New EU taxonomy reporting requirements are driving companies to pay closer attention to where they source their products and/or which bonds and stocks they invest in. As well as being driven by EU directives, companies are also being driven by consumer demands and expectations. Consumers are becoming increasingly eco-conscious, and they want to know whether the products they are buying have a negative, neutral or positive impact on the environment. The draft of the corporate sustainability reporting directive (CSRD) will update the EU taxonomy reporting requirements. This is another step in the development of a EU regulatory framework for sustainable finance. Companies with over 250 employees or listed companies will have to detail their environmental, social and governance (ESG) policy in standardised documents. In short, businesses will have to be transparent about their environmental impact.
No doubt the initiatives brought about by the EU taxonomy reporting requirements will push those less green corporates to be more mindful about their practices, as they will need to be more transparent about them. However, there are already many companies, large companies such as Unilever, Panasonic and IKEA, who have already become greener. IKEA has invested in sustainability throughout their entire business operations, starting at their supply chain. Although soon the EU taxonomy reporting requirements will drive corporations to be more mindful of where they source materials for their products, IKEA and Unilever have already been working on this.
However, not all companies have taken steps as bold as Unilever. The European Commission’s proposal will test the robustness of companies’ commitments to their environmental obligations. The EU taxonomy reporting requirements will introduce four new features which will increase corporates’ accountability and level standards across the EU. The directive is hoped to aid the transition to a sustainable economy. The new features are an extension of the scope to all large companies and companies listed on a regulated market (except listed micro companies); a certification requirement for sustainability reporting; more detailed and standardised requirements on the information to be published by companies; improved accessibility of information, by requiring its publication in a dedicated section of company management reports.

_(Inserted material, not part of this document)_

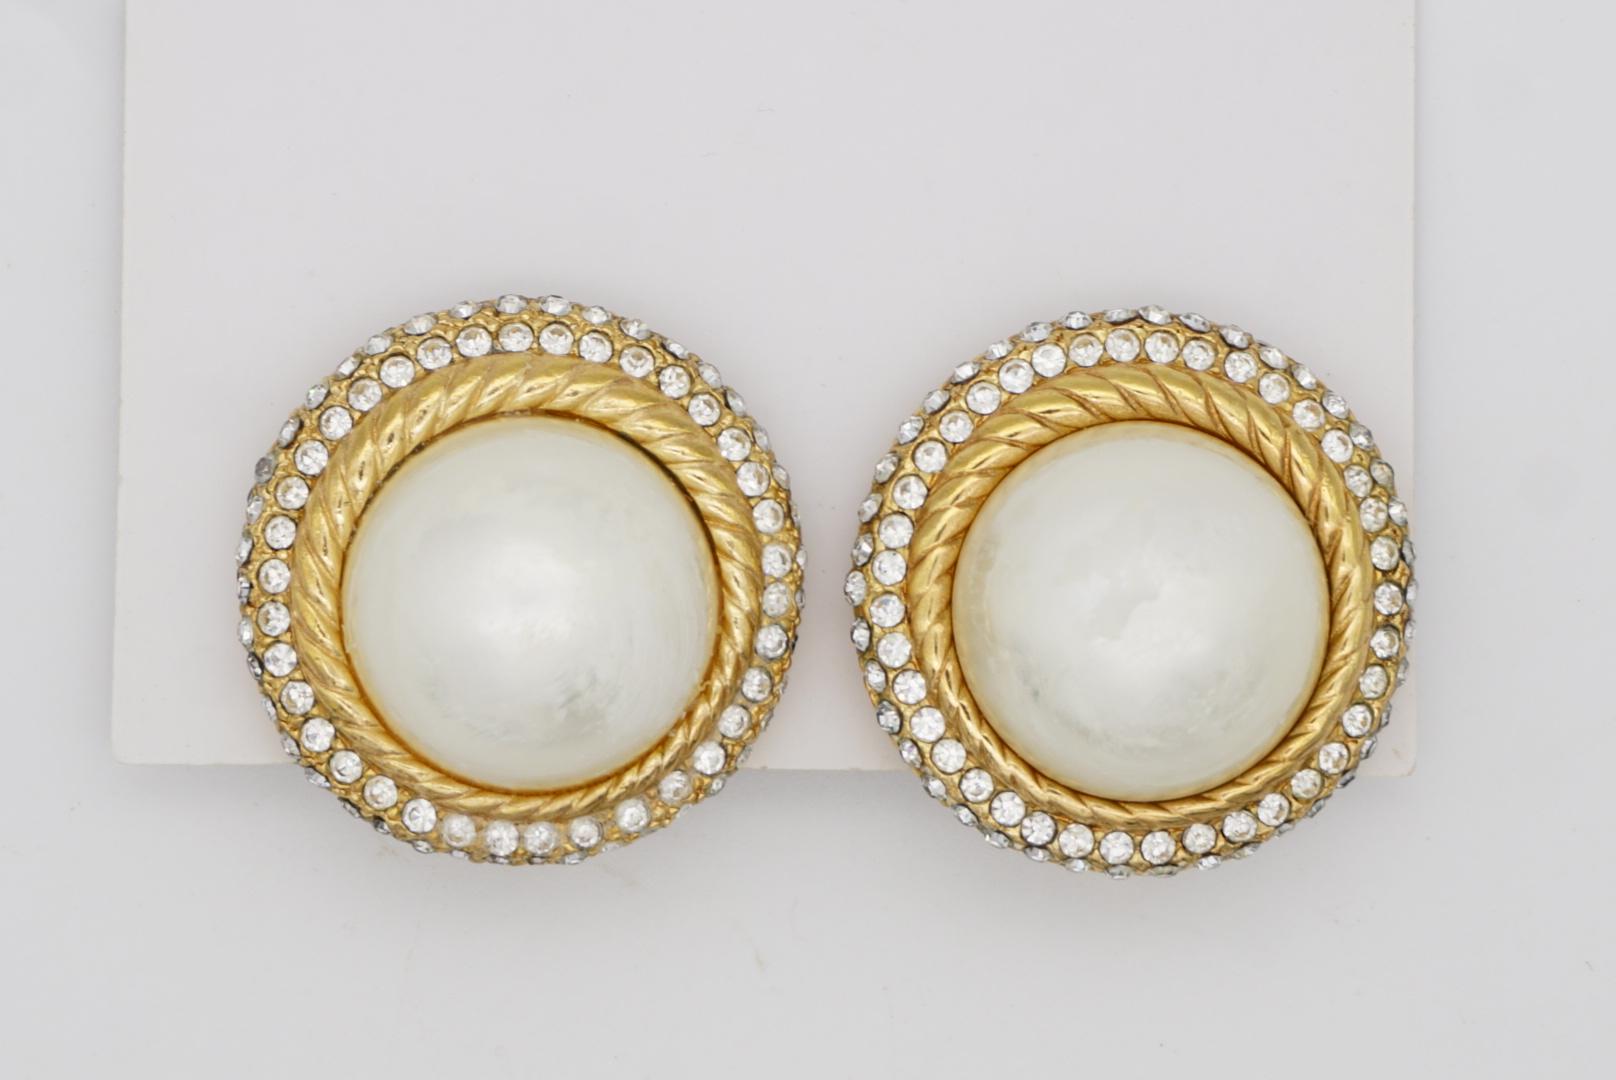 Christian Dior Vintage 1960s Extra Large Round Matte Pearl Crystal Clip Earrings In Good Condition For Sale In Wokingham, England

Updates to the non-financial reporting directive (NFRD)
Another proposal by the EU is to address the shortcomings in the current rules on disclosure of non-financial information, which was found to be insufficient quality, meaning that investors could not properly take it into account. This would hinder the move to a more sustainable economy. The NFRD is further evidence of the EU’s key role in setting sustainable standards, which will surely drive other jurisdictions to set comparable ESG standards for businesses.
This directive proposes a broader scope, enables clearer and broader reporting requirements, and ensures that reporting complies with mandatory EU standards. It also provides that digital access to sustainability information will become a requirement.
The EU taxonomy reporting requirements may be met with some hostility from certain businesses, who might see it as burdensome and be afraid they don’t have sufficient time to adapt to the new rules. However, the EU Council amended the scope in order to ensure that the reporting requirements don’t place undue burden on listed SMEs (since the obligations do not apply to other SMEs), and ensures that they have sufficient time to adapt to the new rules.
The new EU taxonomy reporting requirements will help investors, consumers, policymakers and other stakeholders to evaluate large companies’ non-financial performance. Consumers will be able to make more informed choices about which brands they choose. Compliance with the directive is happening soon: companies must submit their reports aligning with CRSD on the 1st January 2024 for the 2023 financial year. It will be challenging for companies, as data collection takes time and resources. However, the directive is a step forward as regards achieving a more sustainable economy. It is expected to improve money flow towards sustainable activities across the EU, and will likely influence other jurisdictions to channel money into greener activities.